Забрались они в повозку и поехали назад в деревню. Ехали, ехали и вдруг увидели, что дорога изменилась: где были скалы прямые, теперь стояли кривые, где в ту сторону видели мост, в эту оказалась башня, и так далее, пока братья не запутались совсем и не перестали узнавать дорогу, по которой приехали сюда. Ехали они так целый день, и когда спустилась ночь, наконец-то признались друг другу, что заблудились – или, может, Лысая долина была живая и играла с ними злую шутку; так или иначе, они не могли отыскать обратный путь.

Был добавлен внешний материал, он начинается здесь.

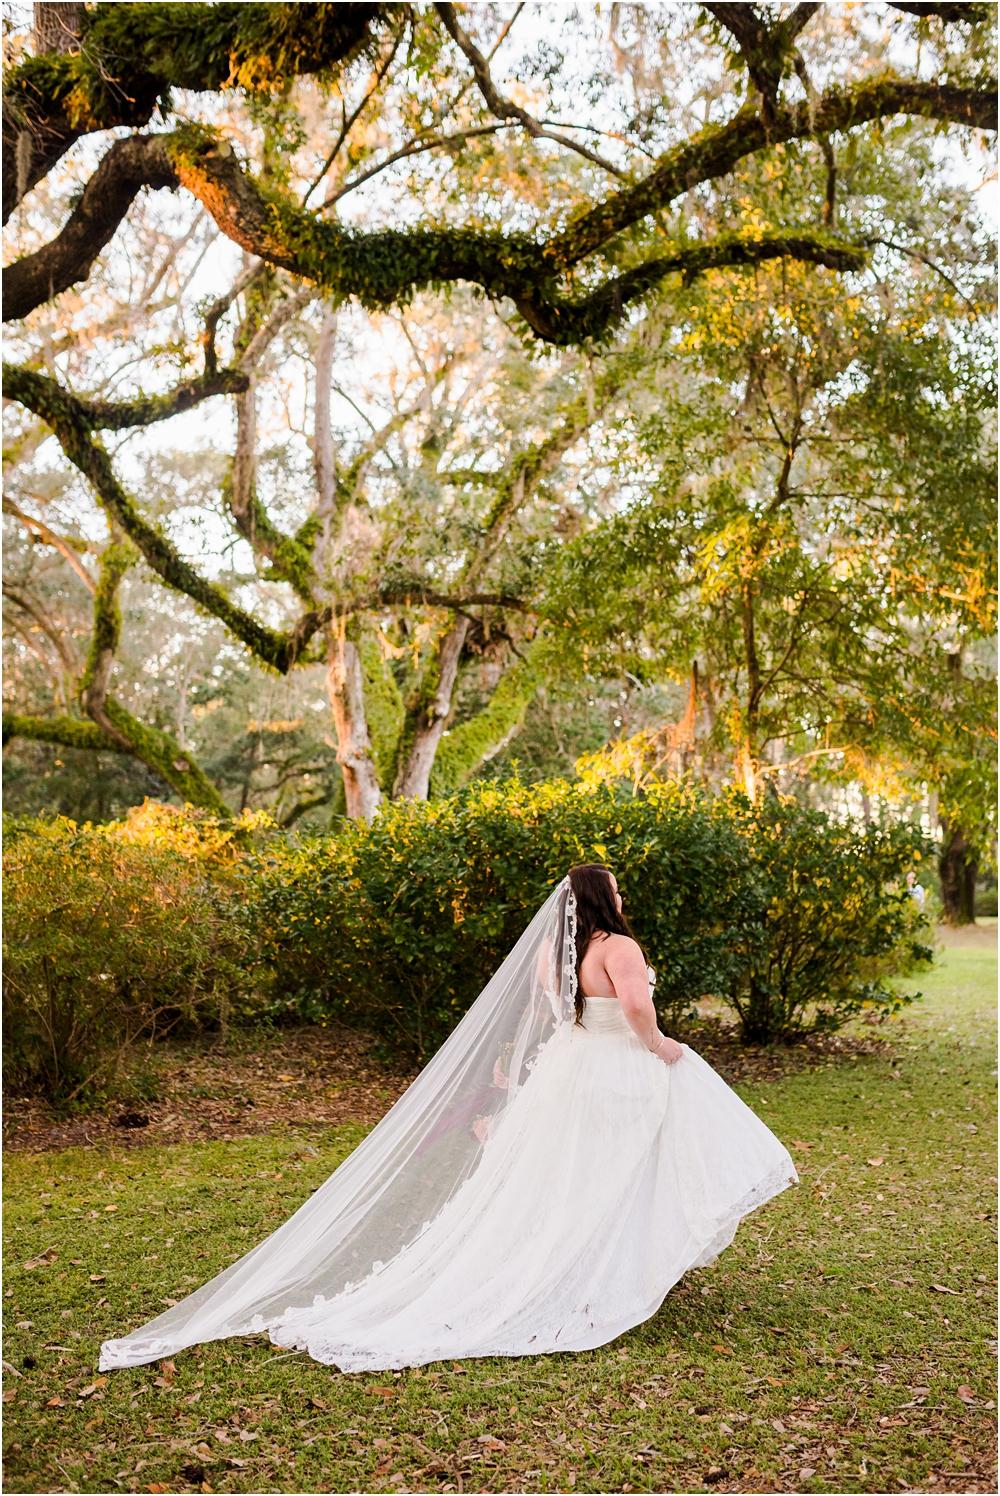 Eden-Gardens-florida-wedding-photographer-kiersten-stevenson-photography-104.jpg

Опять пришлось ночевать под открытым небом, ясным, как глубокое озеро, и полным звезд, и Бартоломеус опять уснул так, словно кто-то заботился о его отдыхе, но покой его потревожили пререкания Тауша с мертвыми святыми. Ученик поклялся вывезти святого из Лысой долины, пусть даже за это придется заплатить собственной жизнью, но, когда утром Бартоломеус проснулся, Тауша рядом не оказалось. Святой исчез. Бартоломеус звал его, и эхо орало в ответ; он ругался, и эхо его передразнивало; и все же, когда ученик начал плакать, до смерти испуганный тем, что потерял друга, эхо опечалилось и разрыдалось вместе с ним.
Так прошел и третий день в Лысой долине, и два ученика оказались далеко друг от друга. Даже не знаю, что тебе сказать, дорогой путник, о том, куда исчез Тауш, и не вышло ли так, что долина, живая и коварная, играла с нами в смертельную игру, отделив одного от другого, но… наберись терпения и жди… когда после третьей ночи в той пустоши Бартоломеус проснулся, он заметил с тоской, что если это битва, то долина в ней побеждает: кляча и повозка исчезли. Бартоломеус – то есть я и все же не совсем я – опять начал звать Тауша и плакать, и он даже подружился с эхом, потому что такое случается с человеком в одиночестве: он подружится и с болезнью, только чтобы не умирать в тоске и безлюдье. Так провел славный Бартоломеус день и ночь, а потом еще день и ночь, и еще, и в конце концов остался без еды и воды, и все искал своего друга, звал его и оплакивал. А вот что делал все это время Тауш, о пилигрим, никто об этом не знает. Но знаю я о том, что после долгих хождений, голода и жажды Бартоломеус оказался у моста через пересохшее русло небольшой реки, весь усталый и иссохший, с пустым желудком и саднящим горлом, и там, оторвав взгляд от дорожной пыли, он увидел Тауша, который молча смотрел на него с другого конца моста. Хотел побежать к нему, обнять, расцеловать его лицо, но не смог, таким он был измученным и больным. Увидев друга и брата по другую сторону и задержавшись, чтобы поглядеть на него внимательней, Бартоломеус понял, что святой чувствует то же самое, что и он сам, он так же измучен пустыней и устал до смерти. Их лица были словно глубокие колодцы – понятное дело, что есть у них дно, только вот поди разбери, что там кроется.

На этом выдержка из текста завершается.